Neuronal activity drives pathway-specific depolarization of astrocyte distal processes

bioRxiv (Cold Spring Harbor Laboratory) · 2021-07-04 · 5 citations

Abstract Astrocytes are glial cells that interact with neuronal synapses via their distal processes, where they remove glutamate and potassium (K + ) from the extracellular space following neuronal activity. Astrocyte clearance of both glutamate and K + is voltage-dependent, but astrocyte membrane potential (V m ) has been thought to be largely invariant. As a result, these voltage-dependencies have not been considered relevant to astrocyte function. Using genetically encoded voltage indicators enabling the measurement of V m at distal astrocyte processes (DAPs), we report large, rapid, focal, and pathway-specific depolarizations in DAPs during neuronal activity. These activity-dependent astrocyte depolarizations are driven by action potential-mediated presynaptic K + efflux and electrogenic glutamate transporters.
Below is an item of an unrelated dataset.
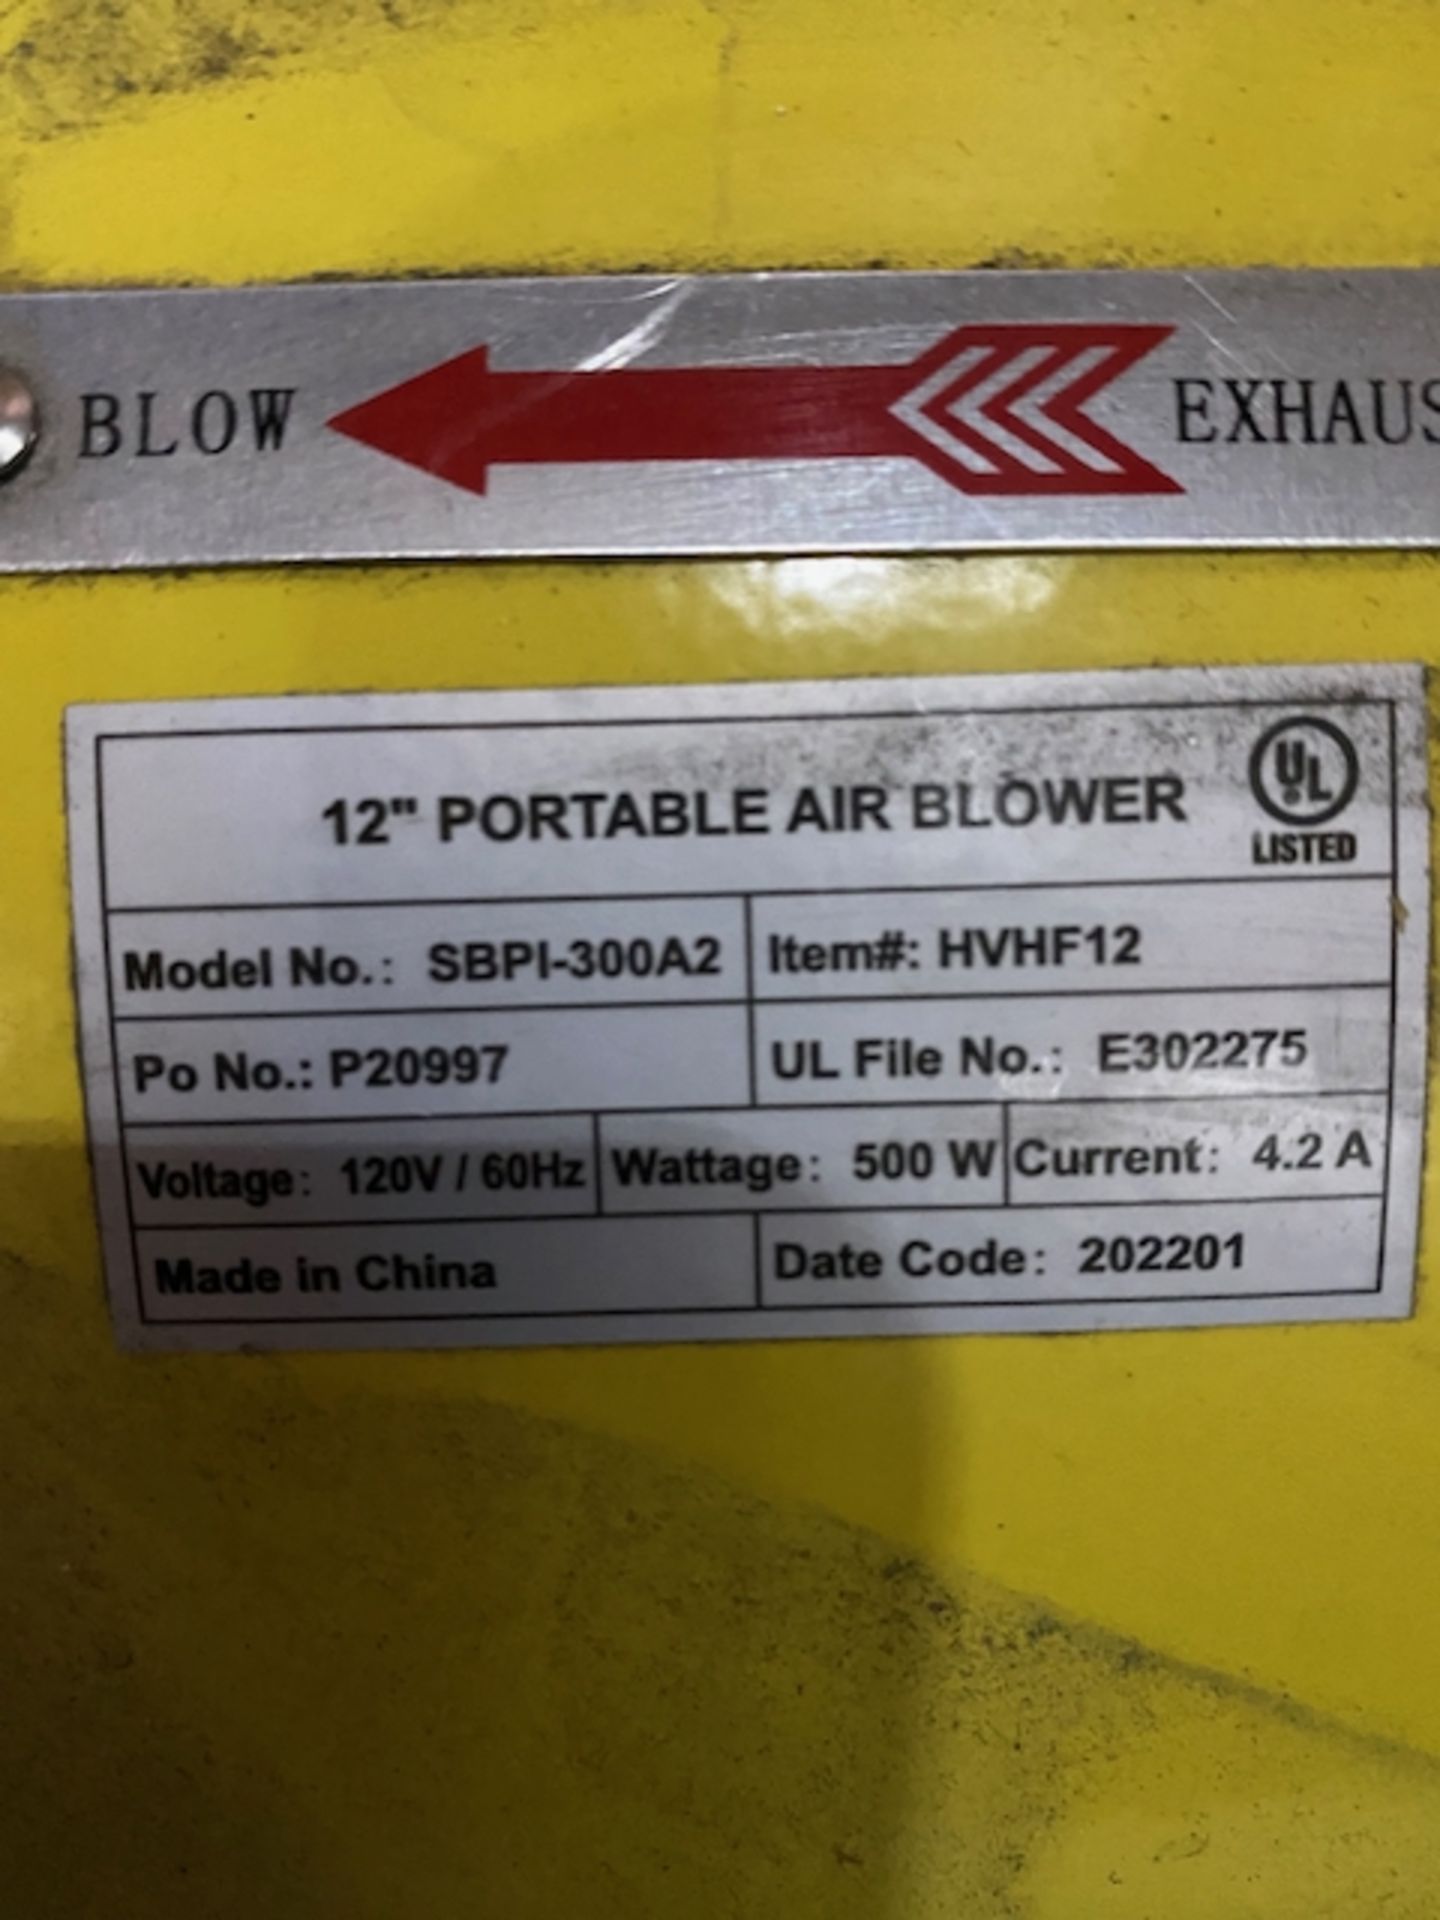 Portable Air Blower Global Industrial Model Sbpi-300A2 with 12 Ft Flexible Hose | Rig Fee $15 - Image 2 of 4
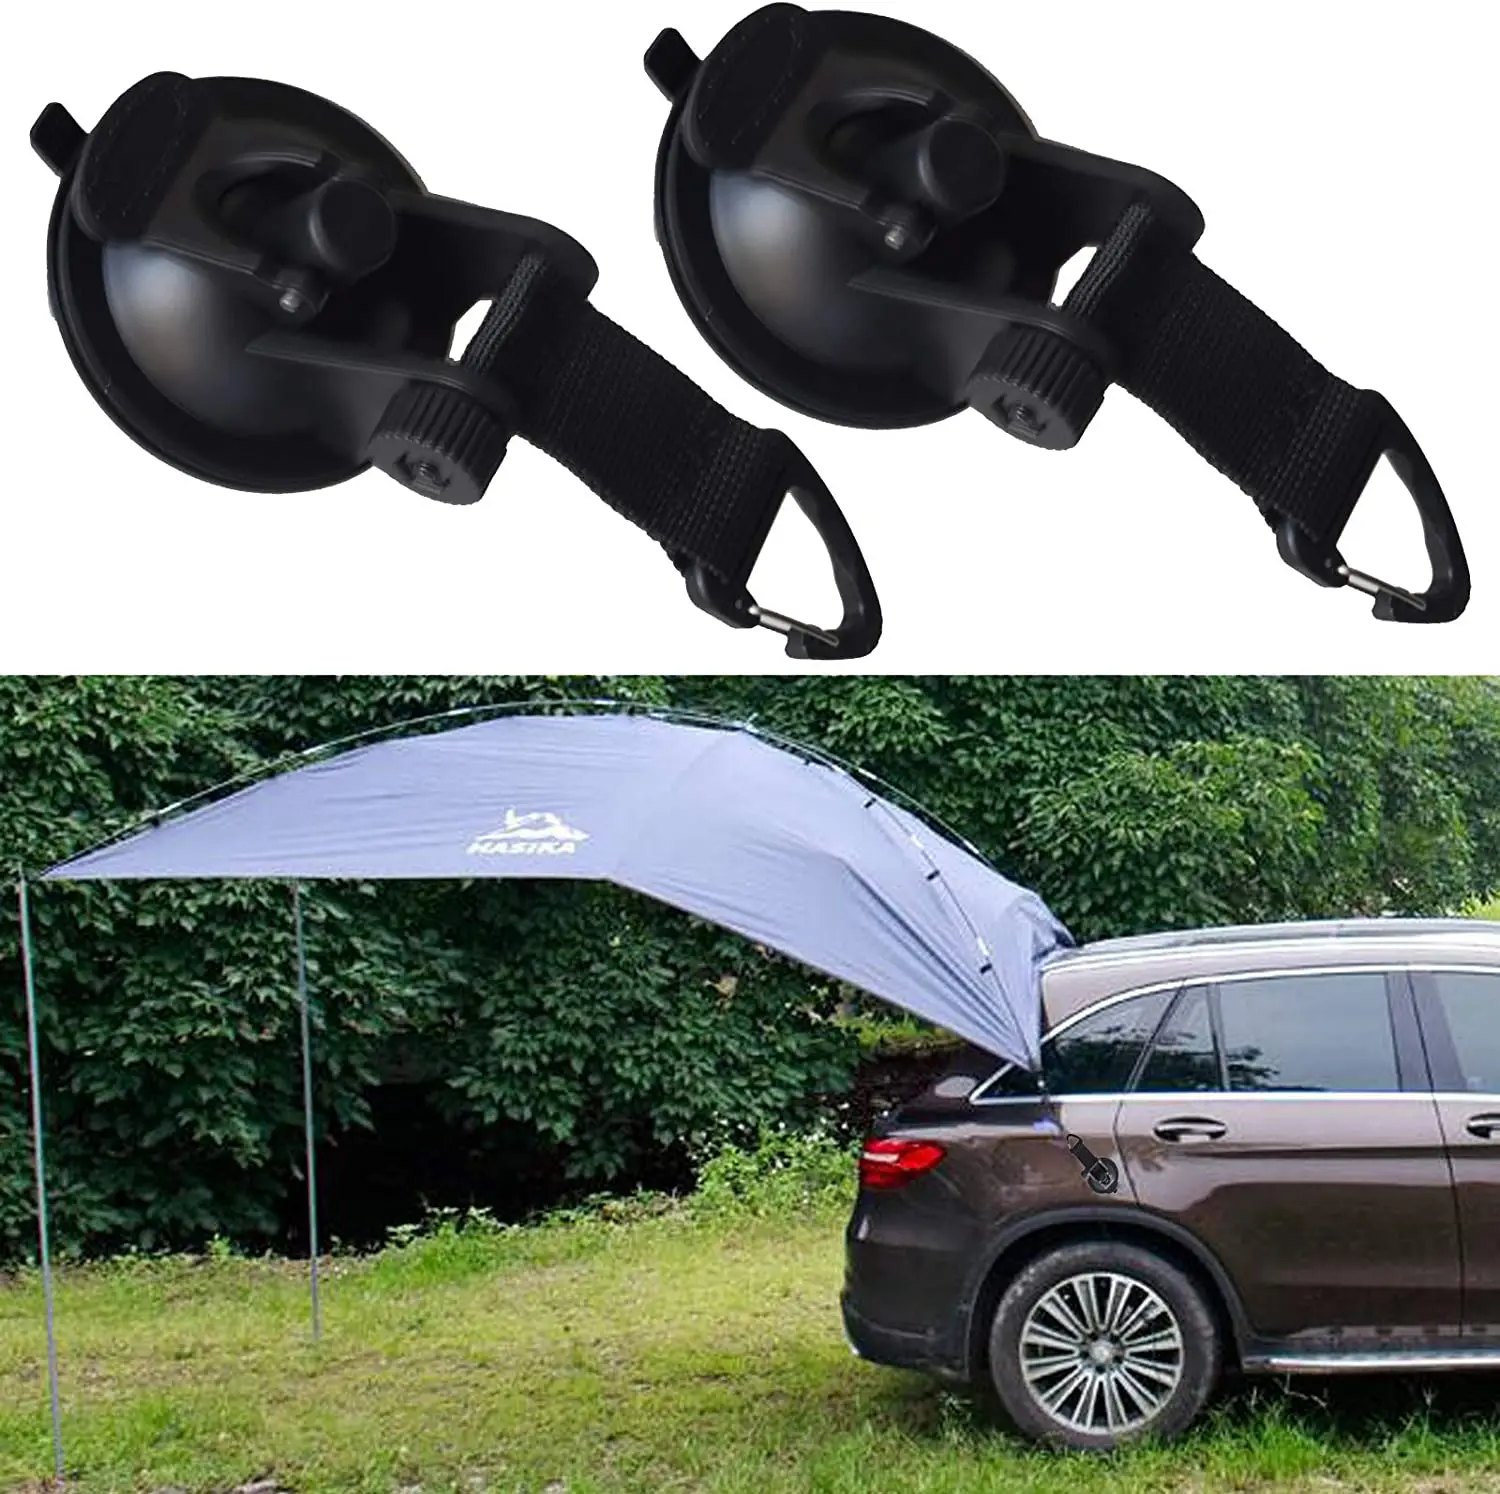 2 Pieces Heavy Duty Suction Cup Anchor with Securing Hook Tie Down Camping Tarp

We find that DAP depolarization inhibits astrocyte glutamate clearance during neuronal activity, enhancing neuronal activation by glutamate. This represents a novel class of sub-cellular astrocyte membrane dynamics and a new form of astrocyte-neuron interaction. One Sentence Summary Genetically encoded voltage imaging of astrocytes shows that presynaptic neuronal activity drives focal astrocyte depolarization, contributing to activity-dependent inhibition of glutamate uptake.